Figure 3: 1) The distribution of chemical reaction measurements for all of Binding DB and listed DrugBank samples. 2) The normalized IC50 measurement distribution for all of Binding DB and listed Drugbank samples.

We choose to create a threshold for chemical reaction measurements to create ‘drug’ and ‘not drug’ samples. The measurement units of Binding DB indicate stronger reactions as the measurement decreases, and weaker reactions as the measurement increases. A sample is labeled as a drug interaction if the chemical measurement falls below the threshold, and not a drug interaction if it falls above. We merged the BindingDB and DrugBank datasets contained matches in drug-gene interactions, and observed the distribution of the databases to choose a threshold. To complicate matters, BindingDB records chemical-gene interactions with several different types of reaction measurements. Both databases listed measurements in units of IC50 most frequently (Fig 3.1), therefore we chose to pick samples with entries using the IC50 measurement. We compared the distributions for BindingDB and DrugBank in Fig 3.2. This comparison shows a distinct dropoff for the number of drugs at an IC50 value of seven, therefore we will begin with seven as our threshold. If we use a threshold of seven, then BindingDB produces 132,004 drug relationships and 922,635 non-drug relationships.

Bibliography

[1] Business Research Company. “The Growing Pharmaceuticals Market: Expert Forecasts and Analysis.” Market Research Blog, blog.marketresearch.com/the-growing-pharmaceuticals-market-expert-forecasts-and-analysis.

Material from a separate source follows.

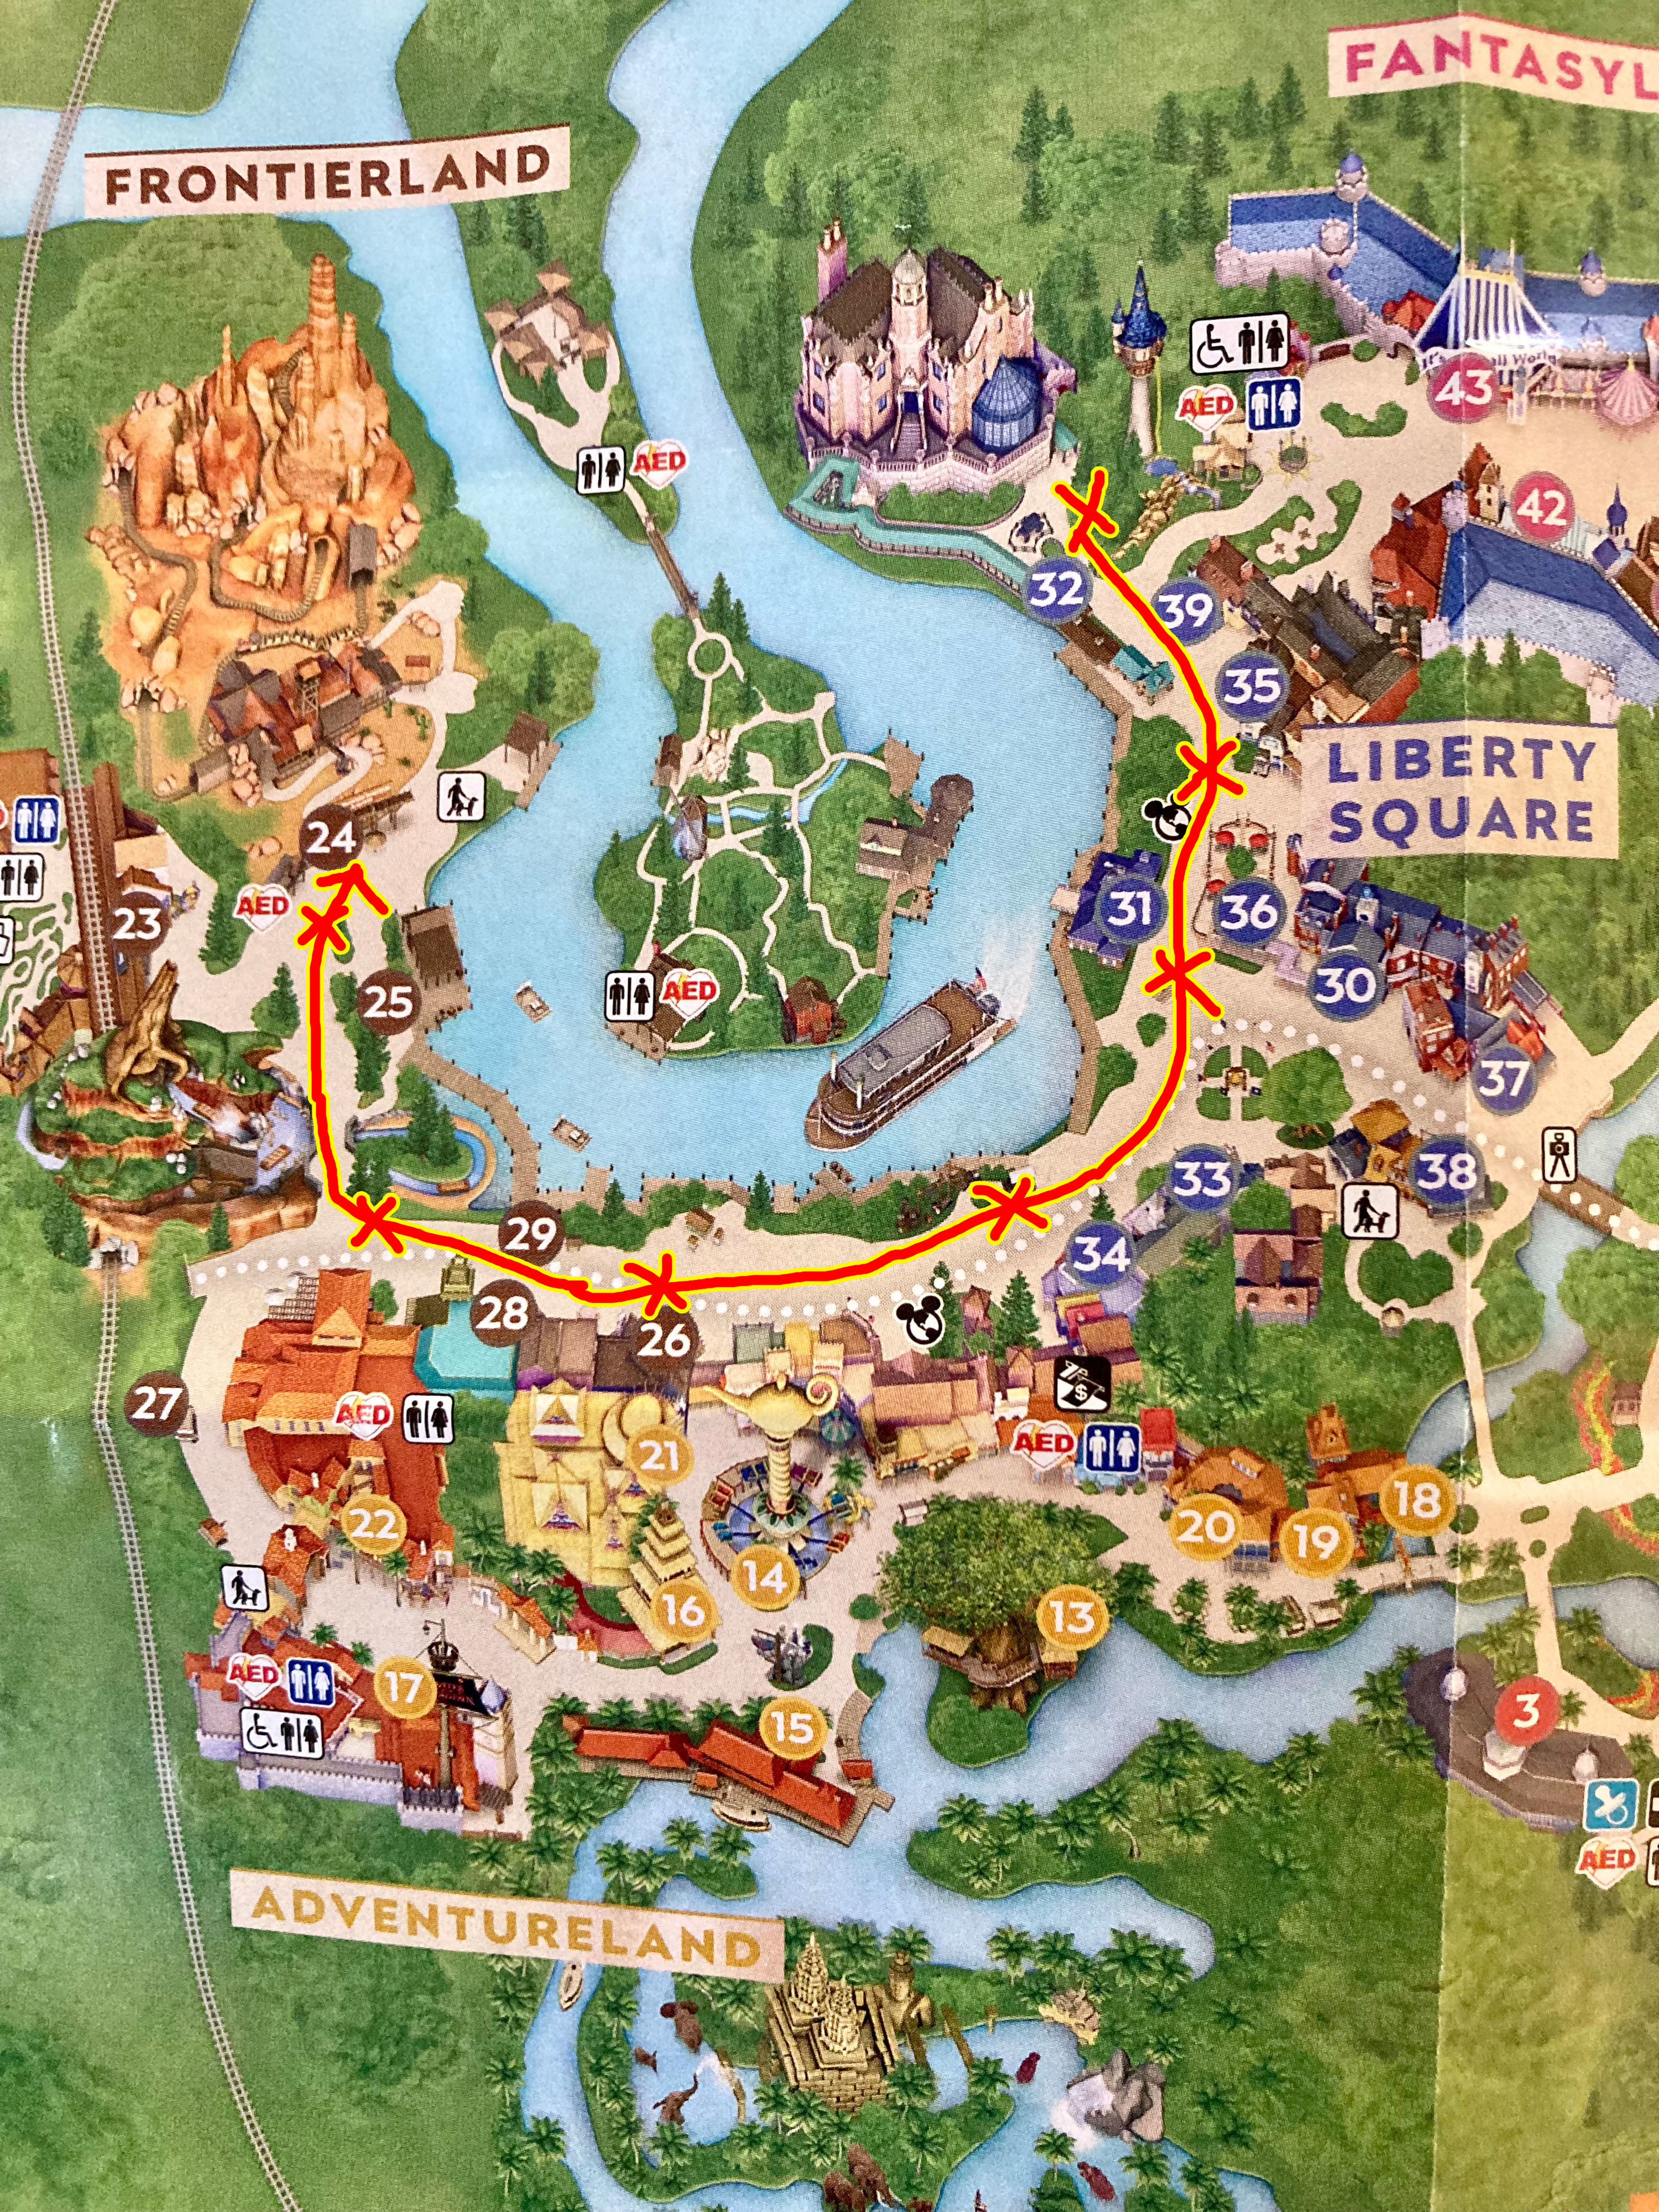 A map of the Magic Kingdom with an arrow traveling around the boardwalk between Liberty Square and Frontierland

[2] Commissioner, Office of the. “Step 3: Clinical Research.” U.S. Food and Drug Administration, FDA, www.fda.gov/patients/drug-development-process/step-3-clinical-research.

[3] Dimasi, Joseph A., et al. “Innovation in the Pharmaceutical Industry: New Estimates of R&D Costs.” Journal of Health Economics, vol. 47, 2016, pp. 20–33., doi:10.1016/j.jhealeco.2016.01.012.

[4] Gilson, Michael K., et al. “BindingDB in 2015: A Public Database for Medicinal Chemistry, Computational Chemistry and Systems Pharmacology.” Nucleic Acids Research, vol. 44, no. D1, 2015, doi:10.1093/nar/gkv1072.

[5] Wishart, David S, et al. “DrugBank 5.0: a Major Update to the DrugBank Database for 2018.” Nucleic Acids Research, vol. 46, no. D1, 2017, doi:10.1093/nar/gkx1037.